На главном дворцовом дворе стояли повозки с запряжёнными в них лошадьми, сновали слуги, тащившие поклажу графини Розамунды. Всем распоряжалась сама графиня, поскольку все её немцы-слуги давно были спроважены Всеволодом Ярославичем из Киева во Владимир. С Кунигундой и её матерью остались лишь четыре немки-служанки.
Коснячко дал в сопровождение своих челядинцев и дружинников, чтобы те помогли знатным немкам невредимыми добраться до Владимира, откуда в дальнейший путь их должен был проводить Давыд Игоревич. Розамунда должна была передать владимирскому князю послание от Коснячко со всеми необходимыми указаниями.
Проводить Кунигунду в дальнюю дорогу пришли Ода и Янка. Пришёл и Олег.
Двух своих сыновей от Ярополка Изяславича Кунигунда была вынуждена оставить на Руси. Ей было дозволено взять с собой лишь маленькую дочь, которая родилась в год смерти отца.
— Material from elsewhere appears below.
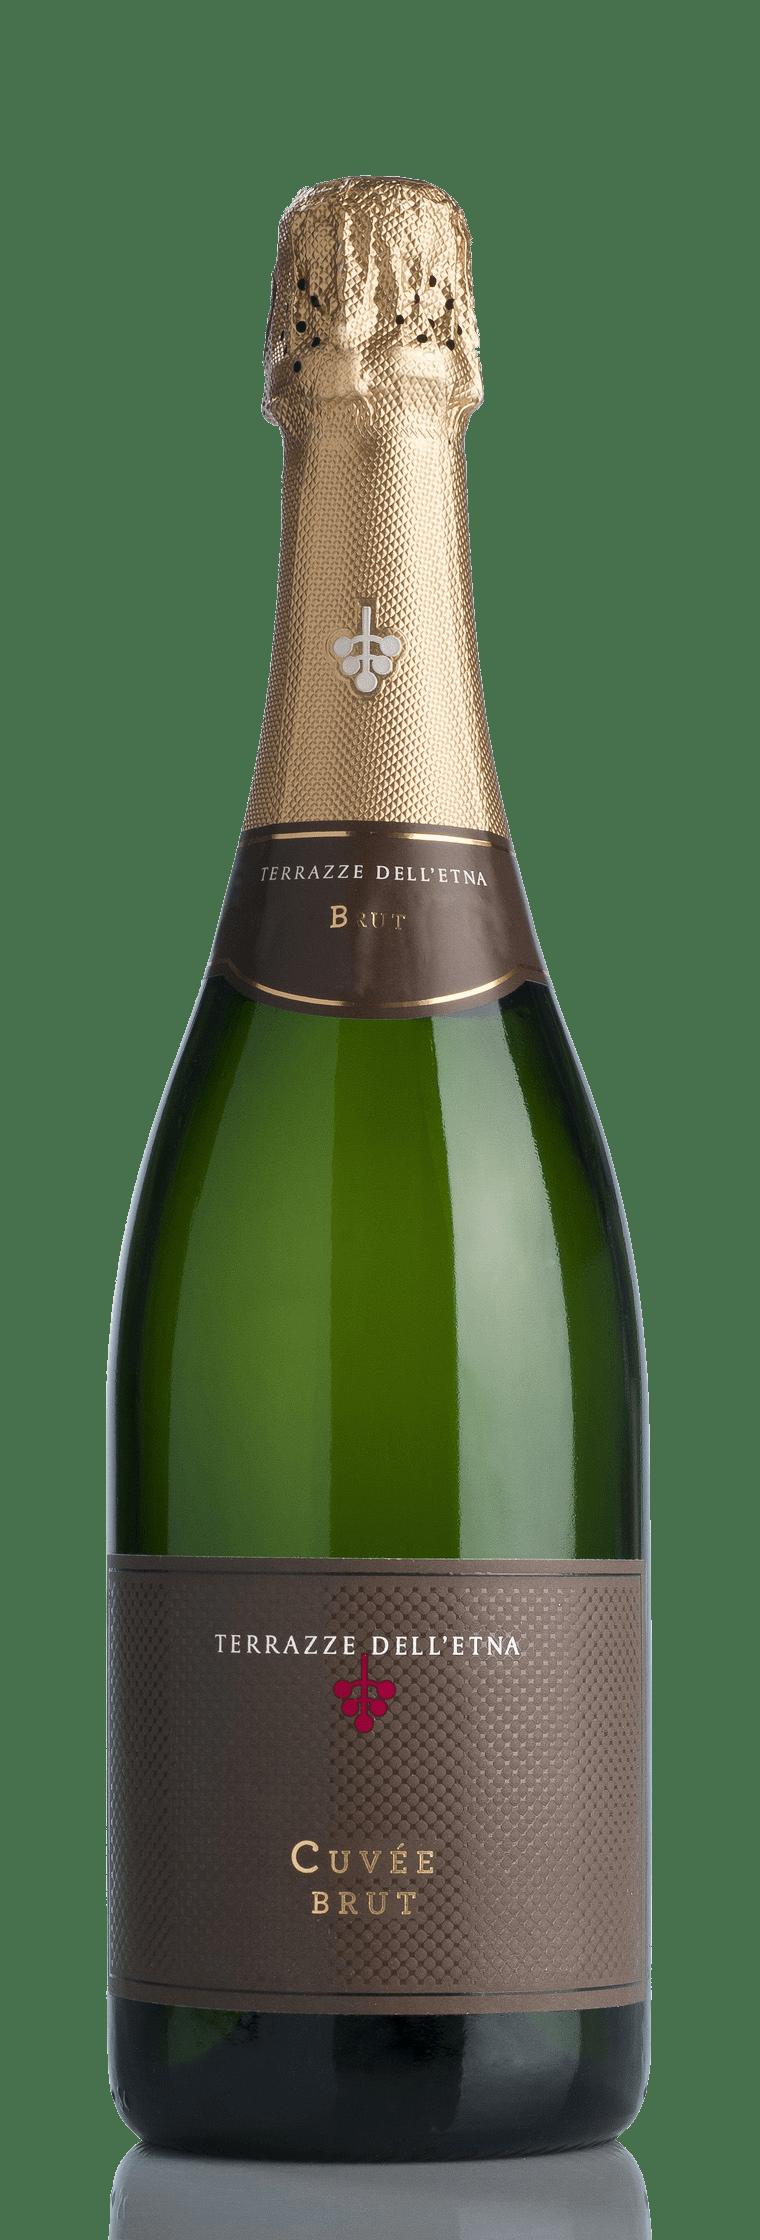 Cuvée Brut  bottle
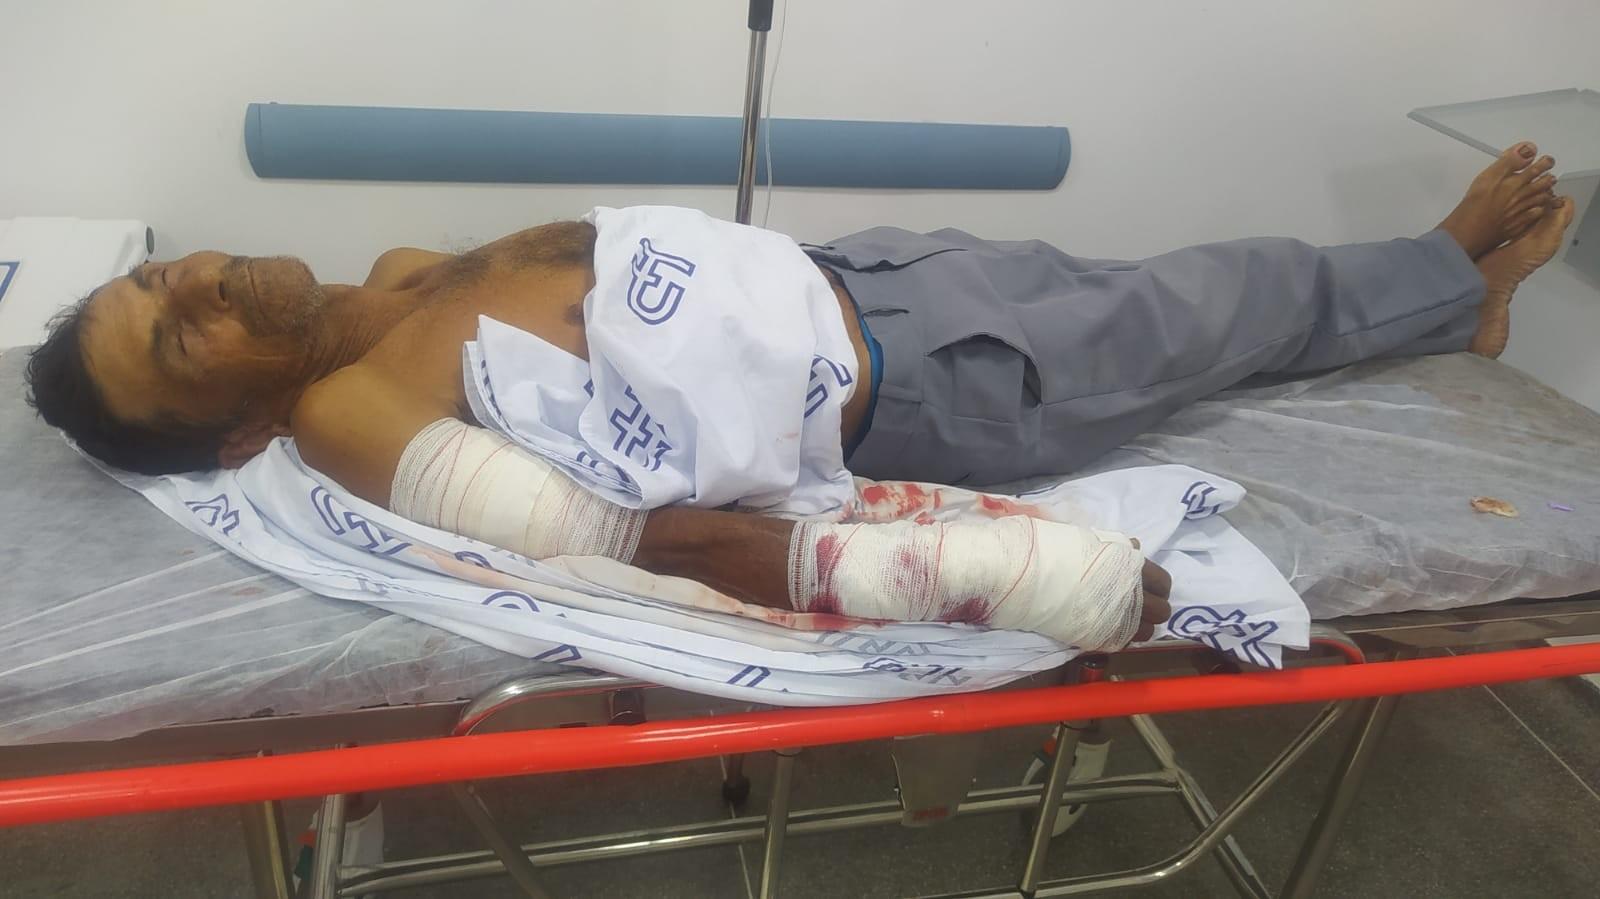 Idoso leva mais de 20 pontos no braço após ser atacado por cão da raça pitbull na Bahia: 'Já atacou e matou um cachorro'

Попрощаться с Кунигундой Ода пришла не одна, а с девятнадцатилетней Евдокией, дочерью покойного Изяслава Ярославича, и ещё с одной девушкой по имени Хильда, которая выглядела года на два моложе Евдокии.
Представляя Олегу девушек, Ода назвала Хильду своей дочерью, пояснив при этом, что она появилась на свет в Германии в год, когда Святослав Ярославич стал великим киевским князем.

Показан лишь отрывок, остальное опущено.